What are the three most common potty training mistakes?
1. Starting too early
Parents will often get friends or in-laws or grandparents telling them about what age a child should be potty trained by. What they hear might be true for some children, but a lot of the time, it gives parents unreasonable expectations to adhere to. And it’s always counterproductive when parents push children too hard to do something that they’re not quite ready to do yet.
2. Thinking there’s one right way
A lot of parents have overly concrete expectations about how the process should go. They pick up books about how to train a child in a day, but that’s just going to create stress for everyone. Oftentimes, parents believe there’s some particular technique that will work miraculously, but they don’t really think about whether or not it’s rational. That’s one of the big ideas in the book: relaxed expectations. The child may not do things according to the parents’ agenda or schedule, but they will get there.

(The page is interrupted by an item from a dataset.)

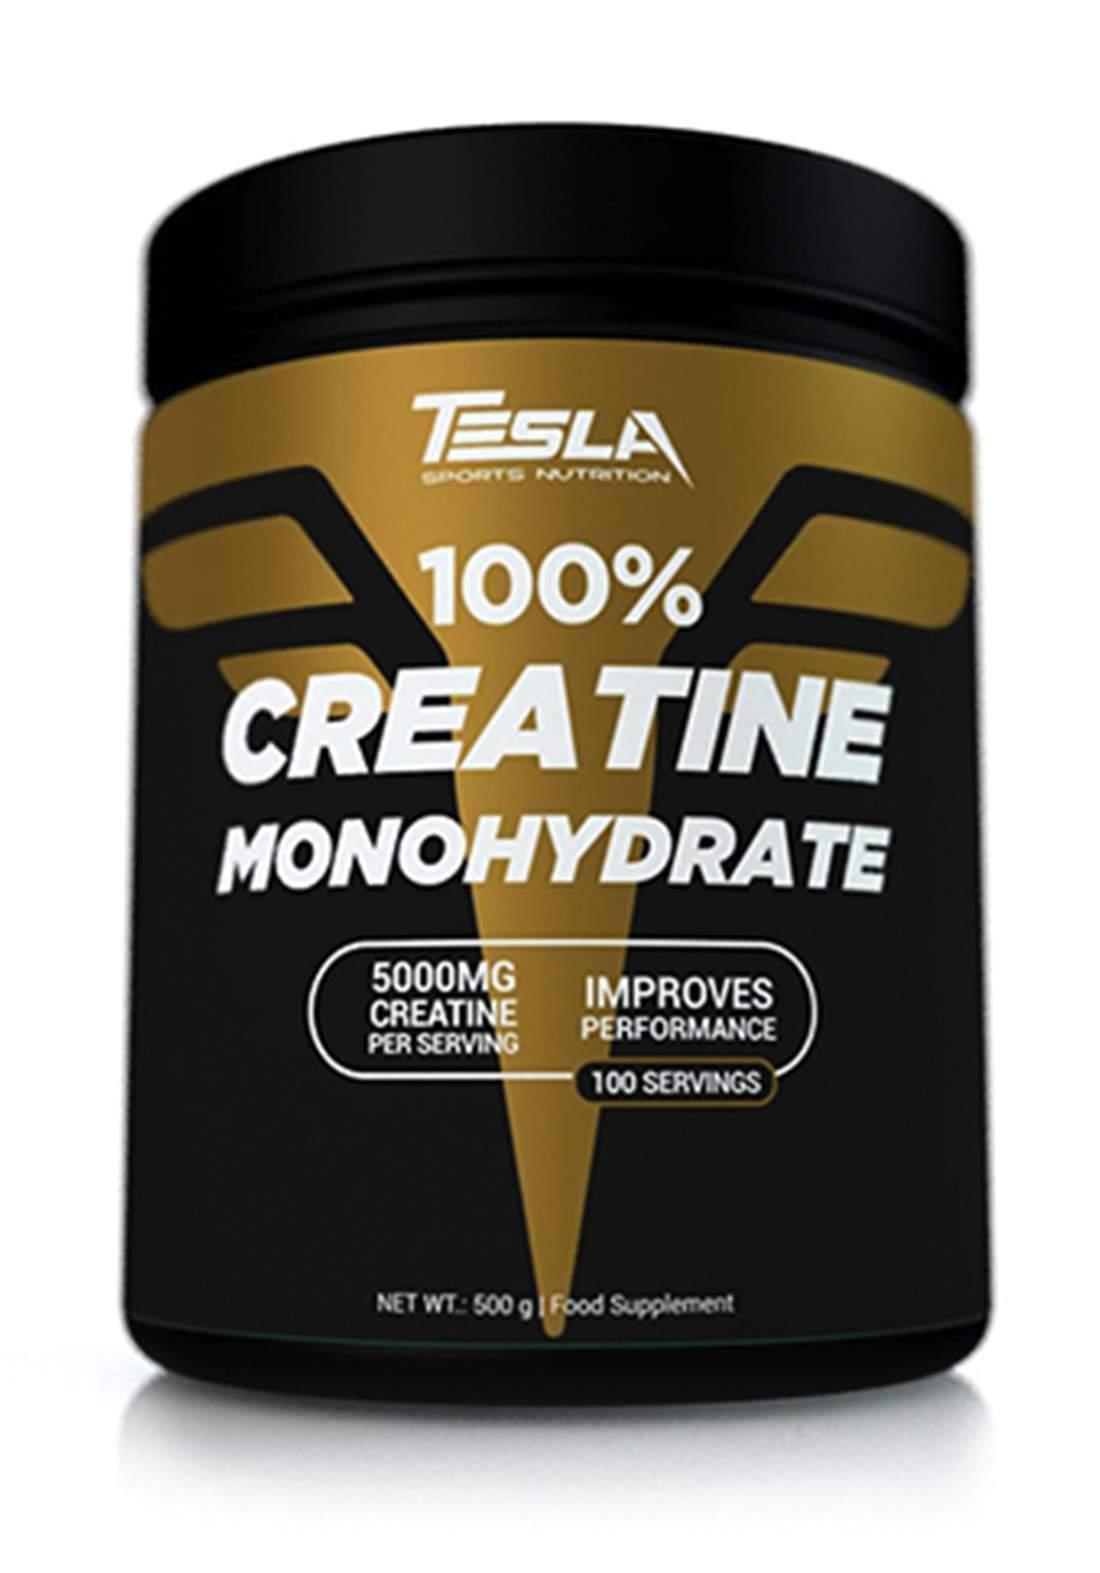 Tesla Sport Nutrition  100% Creatine Monohydrate Powder 100 Serving-5000 mg  مكمل غذائي
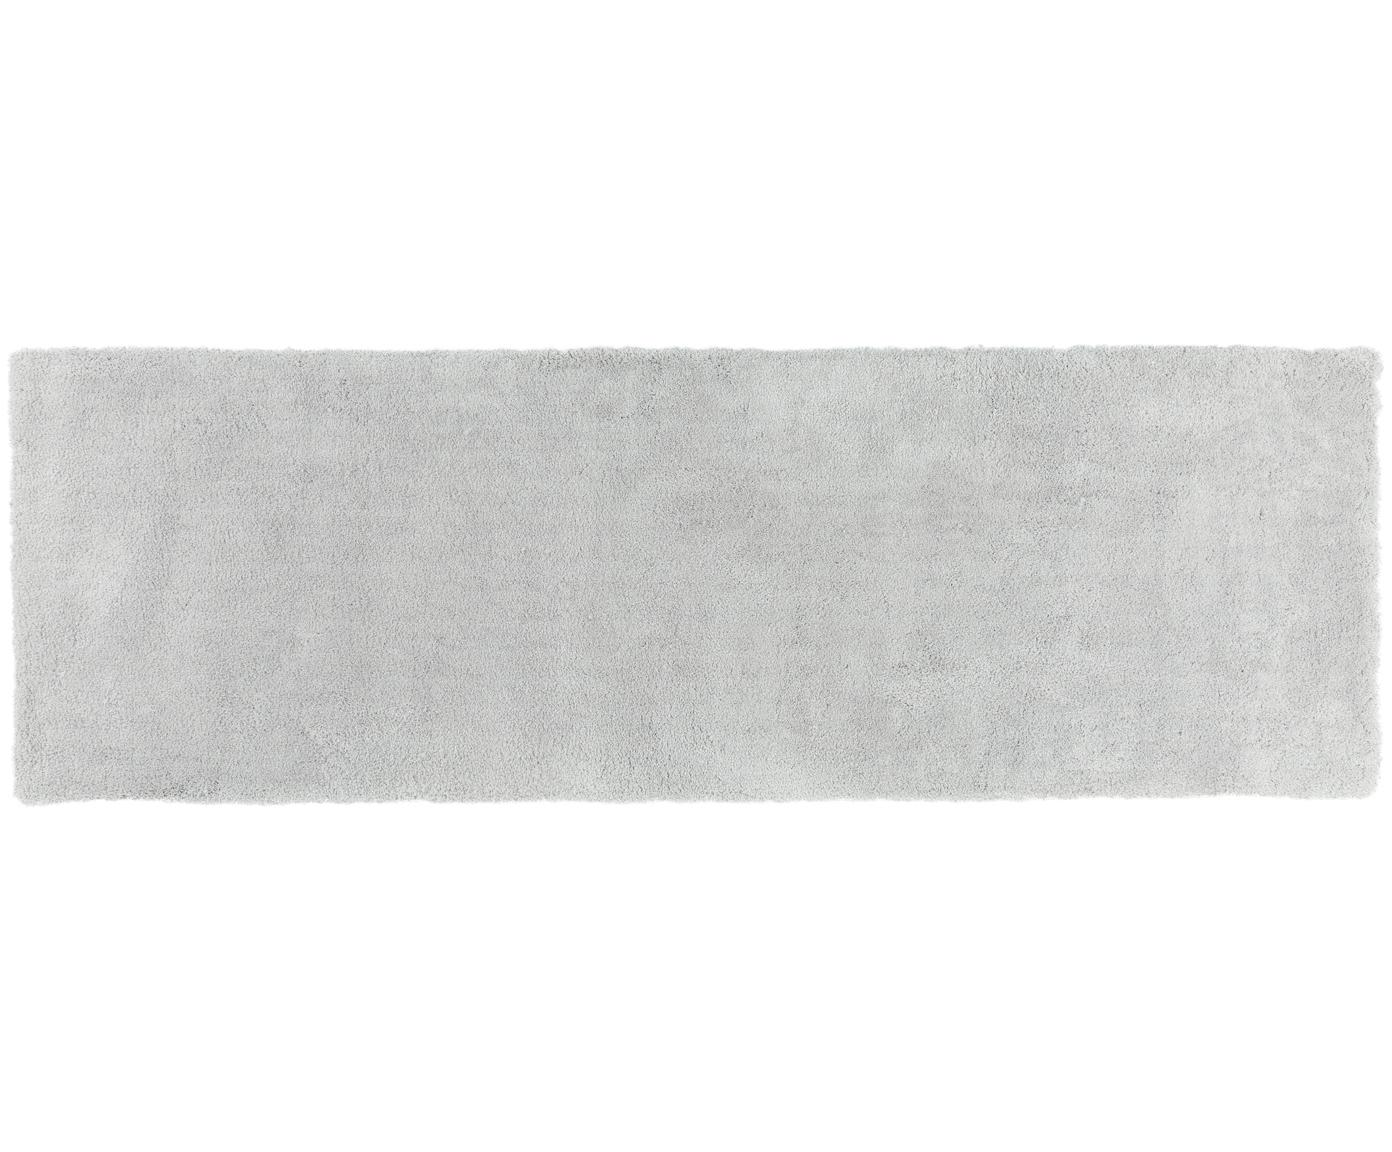 Alfombra de pelo largo Leighton, Parte superior: 100%poliéster (microfibr, Reverso: 100%poliéster, Gris claro, An 80 x L 250 cm

3. Forgetting that your child needs to be himself
When parents feel like there’s a cookbook approach to potty training, they forget to individualize the process to their child. Each child is different in terms of personality and characteristics, and you need to know what works and what to avoid. For strong-willed children – one of the personality types we talk about in the book – for example, don’t give them too much strong guidance, or it will be counterproductive. If it feels like the parent is trying to control them, then by their nature they will become resistant. When parents try to push them even harder, it sets up a negative dynamic which can persist beyond potty training. But when the parent thinks thoughtfully and strategically about potty training and takes who their child is into account, everyone is happier in the end.